The answers to the first two questions only became issues as the empires of the victors began to fracture and the ineffectiveness of the League of Nations became apparent. “Morality” at the outset meant the morality of those involved in dictating peace terms, the Western European empires, and Christian morality.
Peace was to be enforced by “the moral force of the public opinion of the world” and if that failed economic sanctions.
That these failed to prevent re-armament and the start of the Second World War did not stop the major powers following World War Two from trying again with the United Nations, nor has it prevented public opinion and sanctions from remaining critical to Western foreign policy today, nor of Christian morality remaining the standard by which we in the West (progressives aside) determine the rightness of a political solution.
The principle of national self-determination, often joined at the hip with democracy, remains one of the pillars of Western foreign policy and one that creates far more issues. While the idea of self-determination is attractive, implementing it proves to be difficult as we see in many areas around the world including Crimea and Gaza.
What’s more, “the legitimatization of the principle of national self-determination has led to an increase in the number of conflicts within states” with at least half of the wars waged near the end of the 20th century involving groups claiming that their right to self-determination had been breached by the states from which they seek to separate. The principal issues making self-determination such a thorny issue include the conflict between it and state territorial integrity and the definition of “a people.”
Self-determination vs. Territorial Integrity
The 2014 Crimean Status Referendum provides a real-world example of the difficulty in balancing self-determination against state territorial integrity. Unlike greater Ukraine, Crimea has a majority Russian population.
The referendum, which took place during Russia’s annexation of Crimea, gave voters a choice between rejoining Russia as a federal subject or restoring the 1992 Crimean constitution and Crimea's status as a part of Ukraine. The results, which were overwhelmingly in favor of rejoining Russia, were stained by allegations of fraud and were illegal under the Constitution of Ukraine which required any territorial changes to be approved by a referendum of all citizens of Ukraine.

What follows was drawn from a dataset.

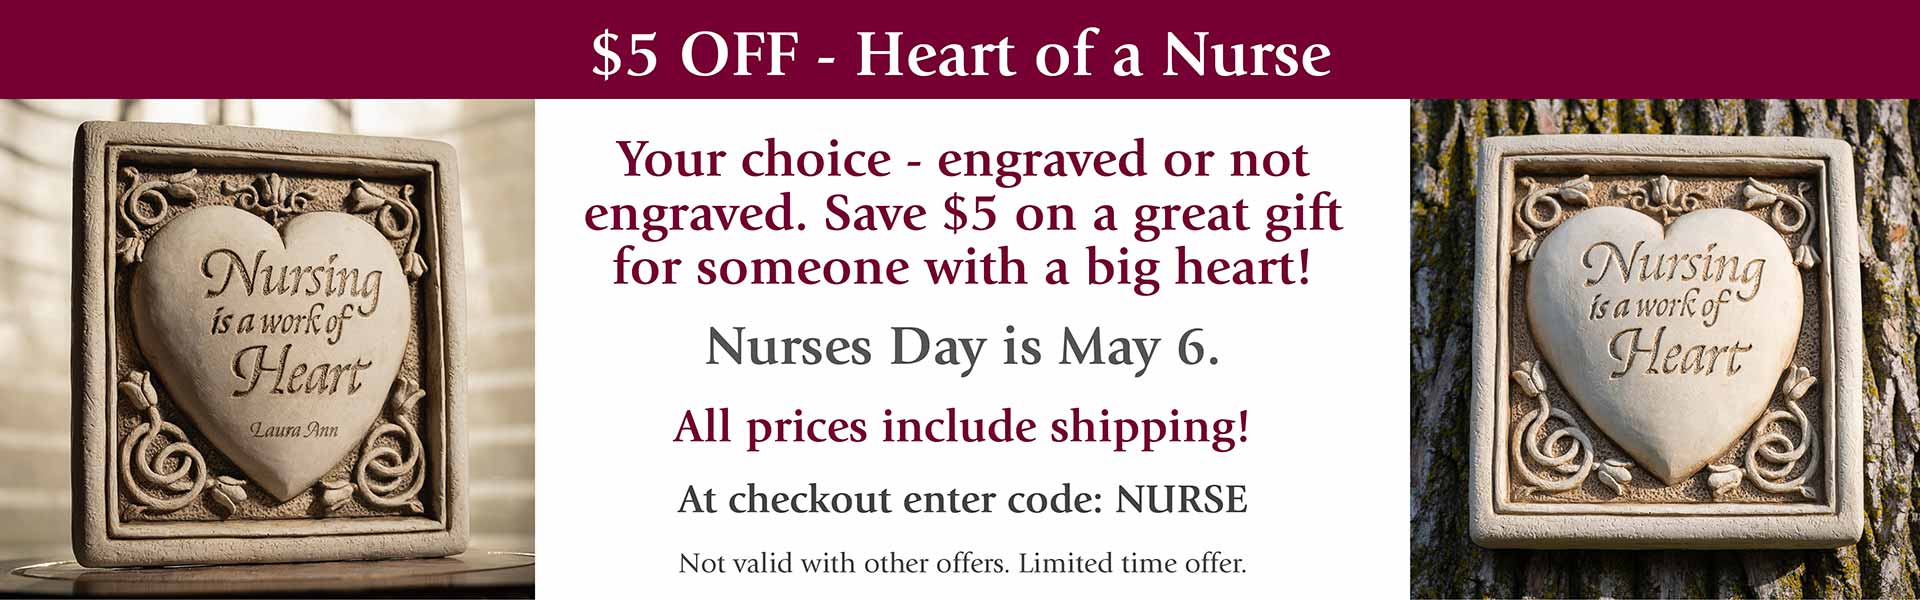 Heart of a Nurse sale

Despite these allegations, independent surveys conducted by Gallup, Pew Research, and other polling organizations found that the majority of Crimean residents were satisfied with the results, thought they were accurate, and “believed the government of Kyiv should officially recognize the result of Crimea's referendum.” What conclusion can be reached by this other than the aspiration of national self-determination is much easier than implementing it in real-world conditions?
Defining “peoples”
Determining what constitutes “a people” is an equally difficult task for a very simple reason, there is no legally recognized definition of “peoples” under international law. Various suggestions have been put forth of course including one by The United Nations Educational, Scientific and Cultural Organization (UNESCO) which endorsed what has become known as the “’Kirby definition’, recognizing as a ‘people’ a group of persons with a common historical tradition, racial or ethnic identity, cultural homogeneity, linguistic unity, religious or ideological affinity, territorial connection, or common economic life.”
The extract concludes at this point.